= Beginning of Section =

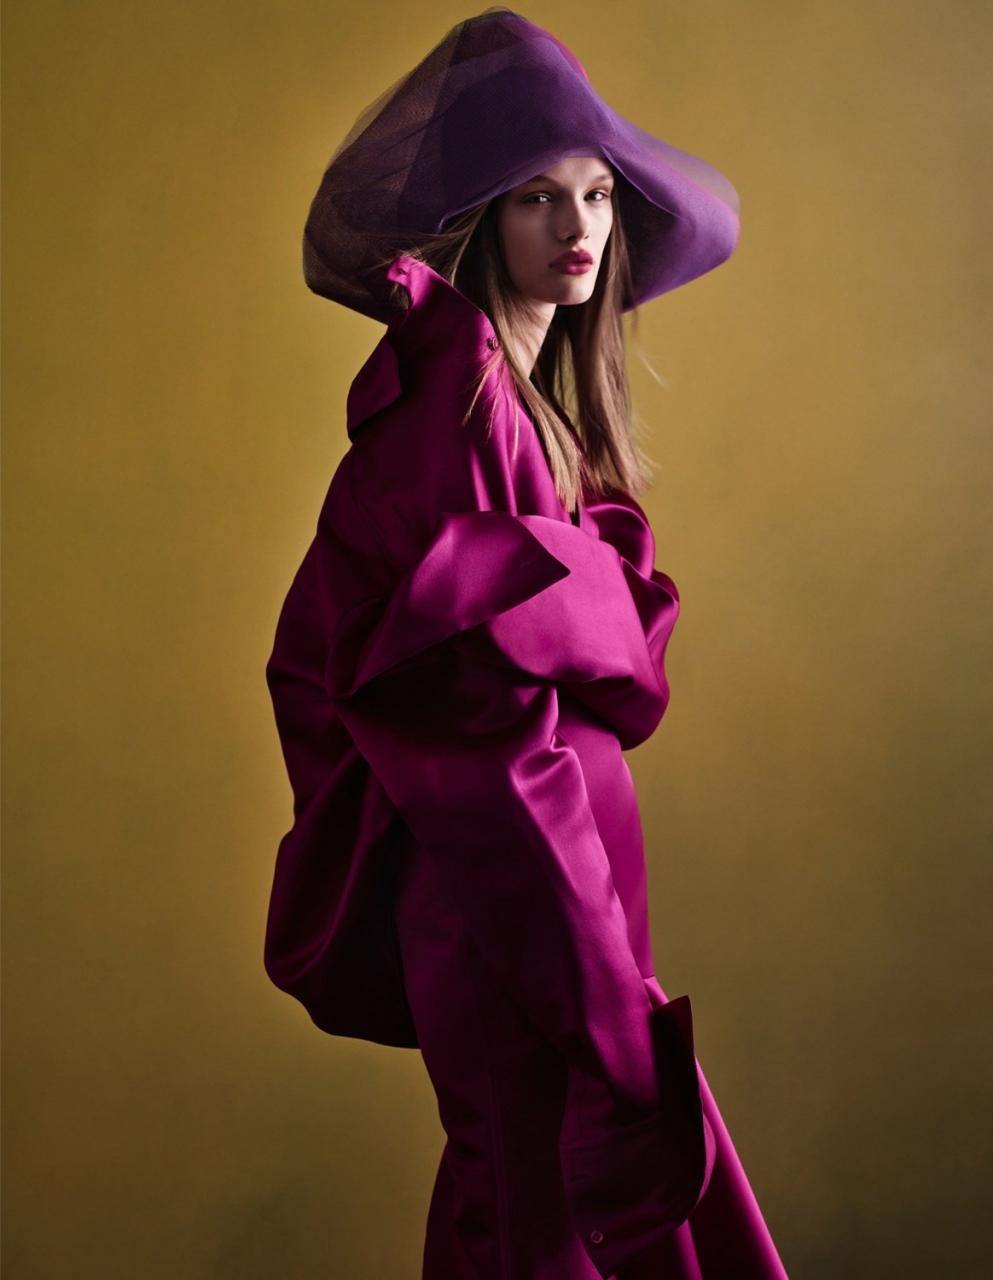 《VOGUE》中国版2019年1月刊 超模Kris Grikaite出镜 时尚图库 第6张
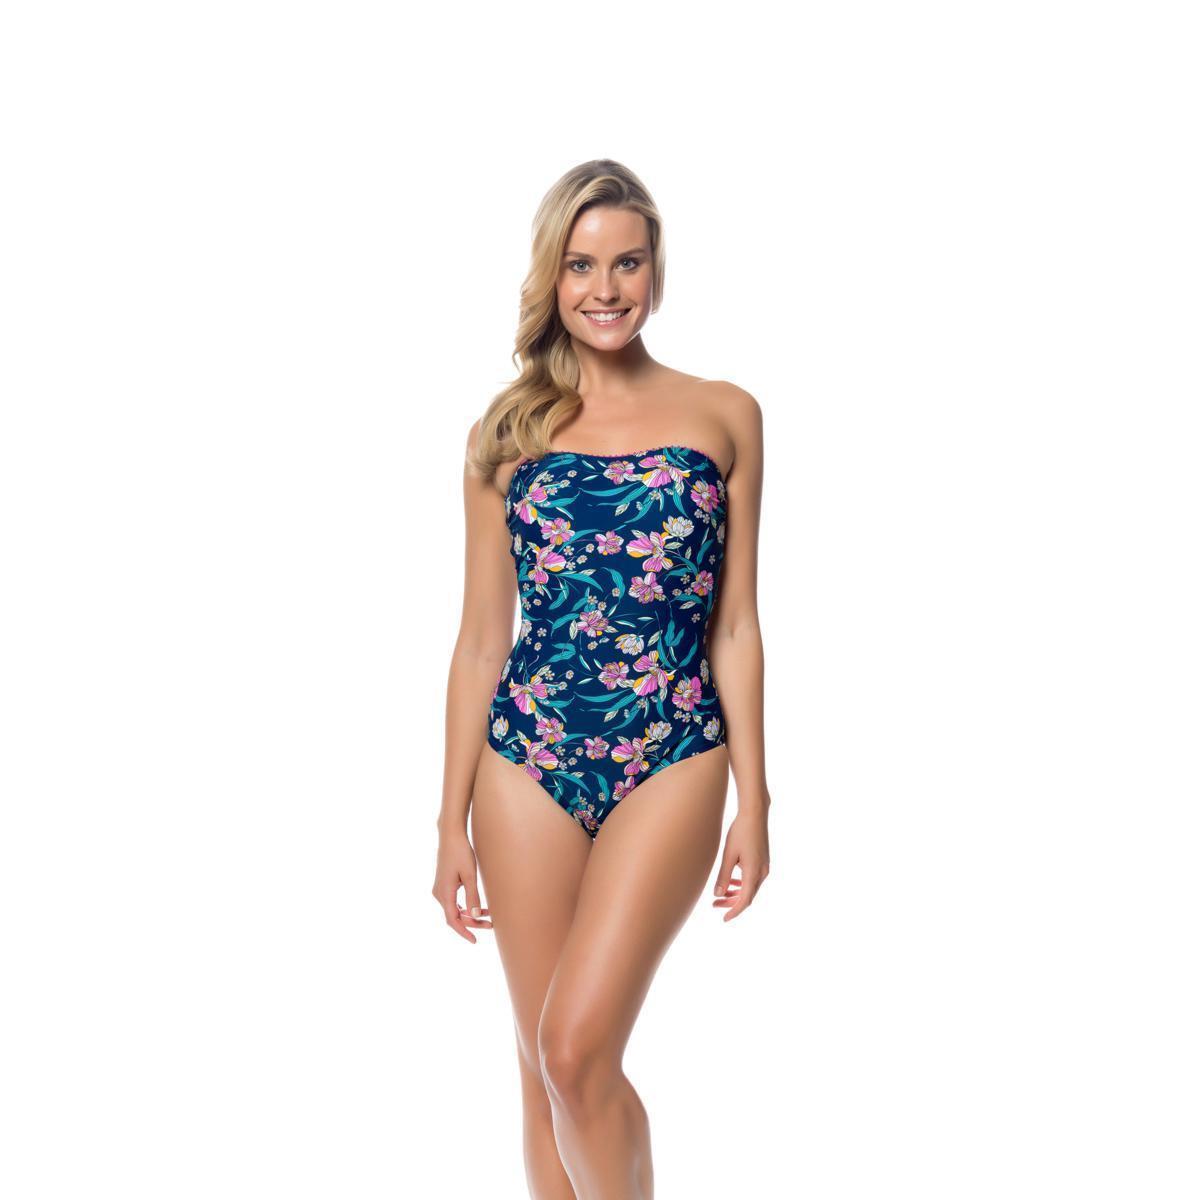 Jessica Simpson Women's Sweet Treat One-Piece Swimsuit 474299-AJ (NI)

= End of Section =
= Beginning of Section =

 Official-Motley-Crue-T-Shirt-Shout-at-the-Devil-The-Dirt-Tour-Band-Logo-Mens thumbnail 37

= End of Section =

### Task brief
Write down exactly what the lines above say, from the line holding "Grikaite出镜 时尚图库 第6张" through the line holding "Jessica Simpson Women's", and nothing more. Do not copy the pictures.

### The completed task
 《VOGUE》中国版2019年1月刊 超模Kris Grikaite出镜 时尚图库 第6张
 Jessica Simpson Women's Sweet Treat One-Piece Swimsuit 474299-AJ (NI)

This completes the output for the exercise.